Ainsi l’auteur pose adroitement la question de la relation du droit à la morale, notamment par le biais de cette notion hybride qu’est l’ordre public. Son minimalisme éthique le conduit à critiquer la loi qui punirait le délit moral, car c’est un délit imaginaire. Un malaise sensoriel est-il un préjudice, et une érection ? En distinguant l’offense et le préjudice, R.Ogien entend montrer que notre époque demeure pénalisante pour la liberté d’expression : les juges ne distinguent pas offense et préjudice. Pour Ogien, les représentations sexuelles explicites ne peuvent que choquer, mais il ne s’agit pas de préjudice au sens strict, puisque parfois il n’y a pas de victime. Si "l’ambition de l’éthique n’est pas de contrôler les pensées, les fantasmes, les désirs", alors on aimerait que tout le monde le sache. Mais l’éthique n’est pas le droit. L’arrêt du Conseil d’État dit de Morsang-sur-Orge précise en effet que l’on peut "interdire une attraction qui porte atteinte au respect de la dignité de la personne humaine". Cet arrêt précise "l'attraction de "lancer de nain", qui conduit à utiliser comme projectile une personne affectée d'un handicap physique et présentée comme telle, porte atteinte, par son objet même, à la dignité de la personne humaine". Dans cette mesure, l’interdiction est prise en parfaite légalité : "Légalité de l'interdiction prononcée par l'autorité de police municipale alors même que des mesures de protection ont été prises pour assurer la sécurité de la personne en cause et que celle-ci se prêtait librement à cette exhibition contre rémunération". Pour le législateur, le consentement des personnes de petites tailles est vide de sens, et le préjudice est constitué, même sans victime matérielle apparente. Or selon certains, toute œuvre pornographique porte atteinte à la dignité de la personne humaine. On aurait aimé qu’Ogien discute de manière très analytique cette notion de dignité.

 

 

L'image n'est pas neutre

 

Le caractère obscène (choquant, provoquant des réactions de répulsion ou de dégoût) des représentations lascives n’est pas avéré, au contraire.
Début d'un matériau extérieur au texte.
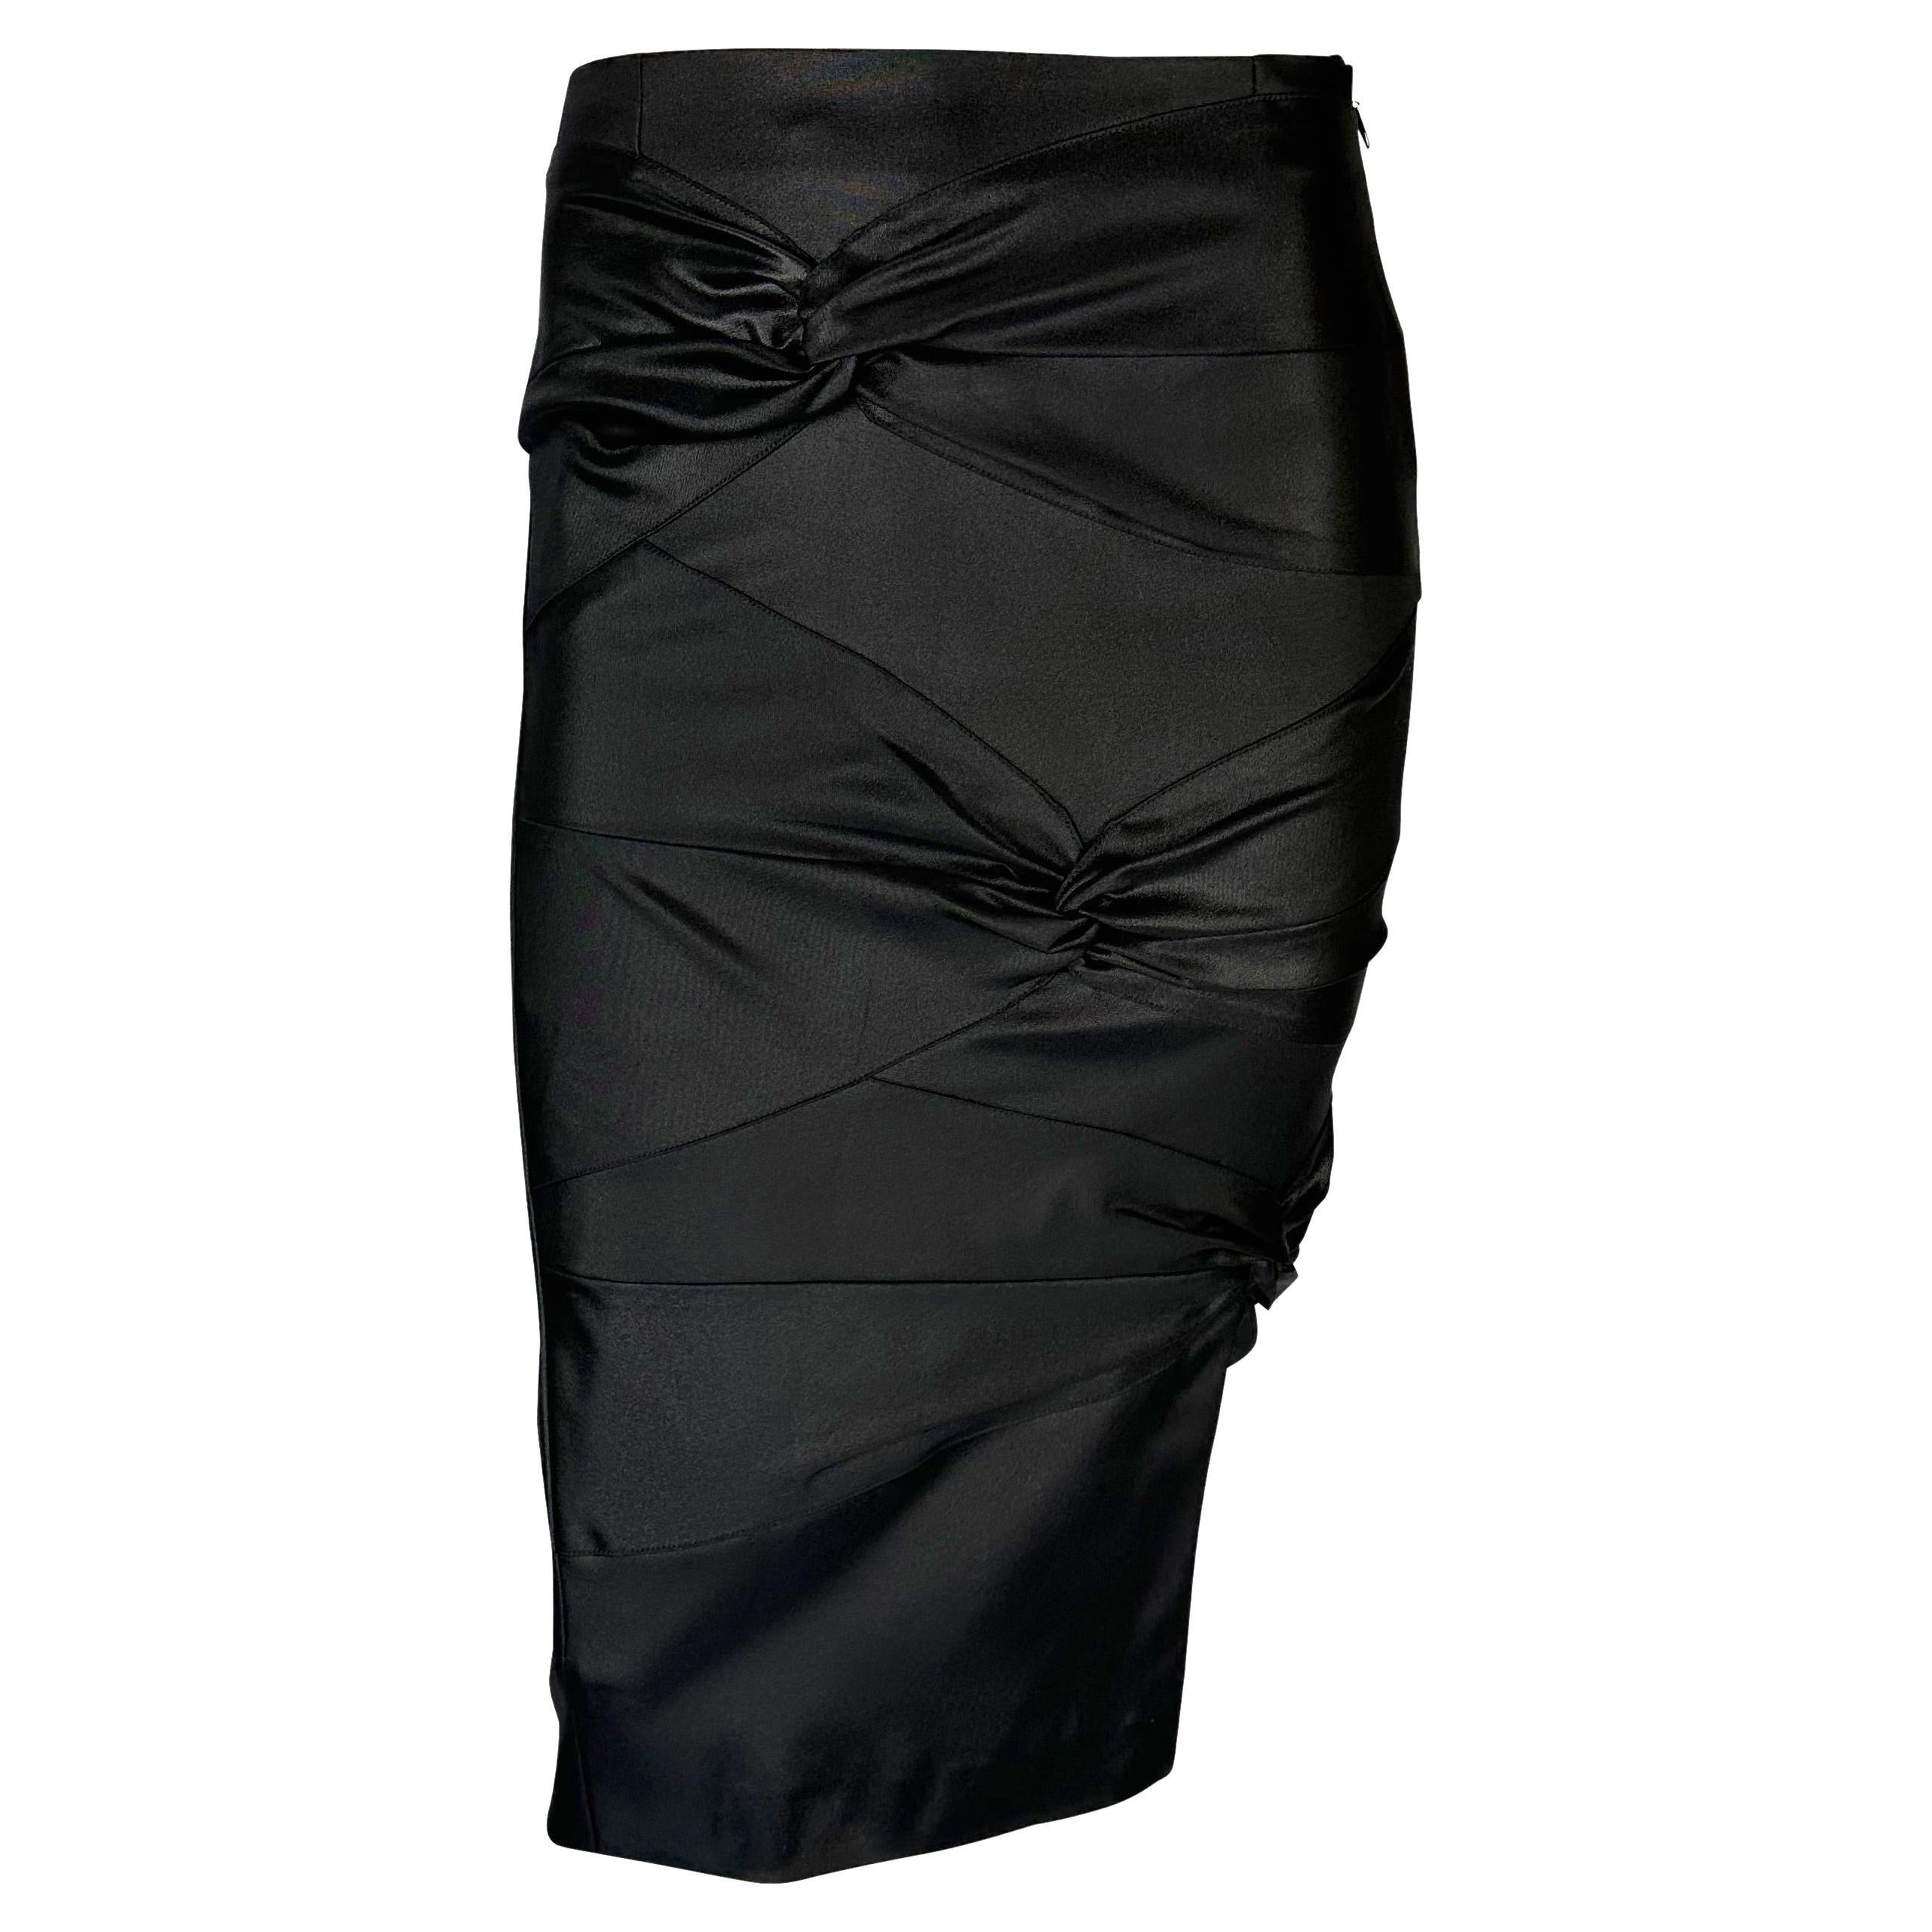 F/W 2003 Christian Dior by John Galliano for Tie Accenture Bodycon Stretch Skirt (jupe extensible avec nœud de cravate) en vente

Déviance morale ou maladie mentale, lorsqu’il n’y a pas de répulsion ou de dégoût pour une représentation lascive ? L’auteur veut évaluer "du point de vue normatif, politique et moral, les jugements qui justifient la répression des représentations à caractère sexuel explicite". Un des arguments en faveur du principe de non-nuisance à autrui comme principe du droit est que l’on dispose toujours, pour que l’offense ne se transforme pas en préjudice ou en délit, de la liberté de s’y soustraire : mais peut-on se soustraire à une image ? Se soustraire à un affect ? Demandons aux anti-pubs du métro parisien. L’exposition à l’image n’est pas indolore, et le statut cognitif et affectif de l’image finalement peu discuté politiquement ou scientifiquement : ainsi lorsque Ogien affirme que "tous les crimes supposés commis au moyen de représentations sexuelles explicites sont des crimes sans victimes"   , on s’énerve un peu, car la représentation a bien un être. Et cet être, il appartient par excellence au philosophe de le prendre en compte. Mais Ogien ne fait que reconnaître l’absence de donnée sérieuse sur cette question. Il peut encore affirmer : "ces représentations ne font qu’offenser sans nuire", dans une lignée moins rétrograde qu’iconoméfiante, moins platonicienne que reconnaissant pour chacun la liberté de ne s’exposer qu’à des représentations choisie par lui, hors de tout contexte cognitif ou pédagogique. Il finit par reconnaître implicitement ce statut décisif de l’image, lorsqu’il explique finalement qu’il y a un usage cognitif de la représentation sexuelle explicite. Mais aucun traitement n’est consacré à cette question centrale au-delà de la critique de la pathologisation de l’art contemporain.

 

Certains arguments ne sont pas ou peu évoqués : ainsi des démarches de Michela Marzano sur la pornographie comme "machine de machines" visant l’insatiable, une finance du désir, un choix de la non-rencontre, un ensemble de représentations amenant à l’idée d’une transparence totale des sujets – le spectacle fait à partir de l’intérieur. Idem d’arguments plus faibles, ne résistant pas au rasoir d’Ogien, sur la "sacralité" de l’expérience amoureuse.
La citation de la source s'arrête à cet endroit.